Ella misma
Por Guadalupe Guerrero
El tumulto del hogar la hacía buscar el silencio para no olvidarse de quién era. A solas reía y hablaba.
Esa mañana caminando por la banqueta, aguantando un zigzagueo mental y una carcajada; con las amarras de una camisa de fuerza, recordando escenas de encierro, aturdida por el pasado, obsesionada en él, escéptica del presente, de la más elemental de las felicidades: La de saberse con derecho al trabajo, la libre explotación de su propia fuerza.
Vivía acostumbrada el no rotundo en sus demandas afectivas, siempre insatisfechas que eran lo mismo que su desempleo, su falta de ingresos para reproducir su vida y dejar esa existencia marginal a la que con tanto placer se acomodaba. ¿Acaso no hay nada más grande para el hombre creativo que verse remunerado justamente en su oficio? Además eran inauditos los motivos por los cuales se le rechazaba; algunas veces porque pensaba, y esta cualidad era menospreciada en el género femenino. Otras, porque su forma de vestir no iba acorde con la moda. No es que fuera suigéneris, la razón era más sencilla: No iba de acuerdo con la uniformidad, estaba en contra del estereotipo, de sus limitados determinismos, las esquemáticas formas y figuras de las magazines.

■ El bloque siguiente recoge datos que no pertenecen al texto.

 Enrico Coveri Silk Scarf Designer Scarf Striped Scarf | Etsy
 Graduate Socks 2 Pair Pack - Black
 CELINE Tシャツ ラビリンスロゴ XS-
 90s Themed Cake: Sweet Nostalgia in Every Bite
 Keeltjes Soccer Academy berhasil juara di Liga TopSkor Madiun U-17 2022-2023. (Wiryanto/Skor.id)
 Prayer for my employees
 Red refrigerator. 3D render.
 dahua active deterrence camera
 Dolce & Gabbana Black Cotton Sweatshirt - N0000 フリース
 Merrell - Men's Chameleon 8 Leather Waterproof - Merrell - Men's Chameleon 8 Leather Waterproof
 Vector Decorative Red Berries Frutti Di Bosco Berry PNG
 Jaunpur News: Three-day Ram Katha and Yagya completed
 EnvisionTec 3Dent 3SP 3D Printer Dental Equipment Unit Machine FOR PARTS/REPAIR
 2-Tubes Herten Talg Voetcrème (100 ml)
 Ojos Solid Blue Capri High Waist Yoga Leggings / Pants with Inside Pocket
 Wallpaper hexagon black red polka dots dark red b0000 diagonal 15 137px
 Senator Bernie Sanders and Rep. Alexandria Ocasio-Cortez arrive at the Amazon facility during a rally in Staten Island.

Su gusto desafanado de la vanguardia no tenía que ver con aquellas mujeres bellamente adornadas o vestidas pero vacías de la mente, agriadas por su feminismo, instaladas en una postura trivial, por decir algo: medieval, poco saludable. Ese lado de fragilidad tan peligroso en la mujer ella no lo tenía. Sí en cambio cierta fuerza bruta, equiparada a la del macho. Pues ya bastantes desprecios le habían hecho.
Quiero decir más acerca de su forma de vestir: el patrón en su ropa era el de cualquier paria o anarquista consumado. De tal mezcla, ella resultaba una garrienta al máximo, pero con caché: terca en le verde seco y de crinolina cuando se trataba de usar faldas largas. Parecía el tronco maduro de un árbol de nueces por donde cualquier sagaz ardillón treparía contento.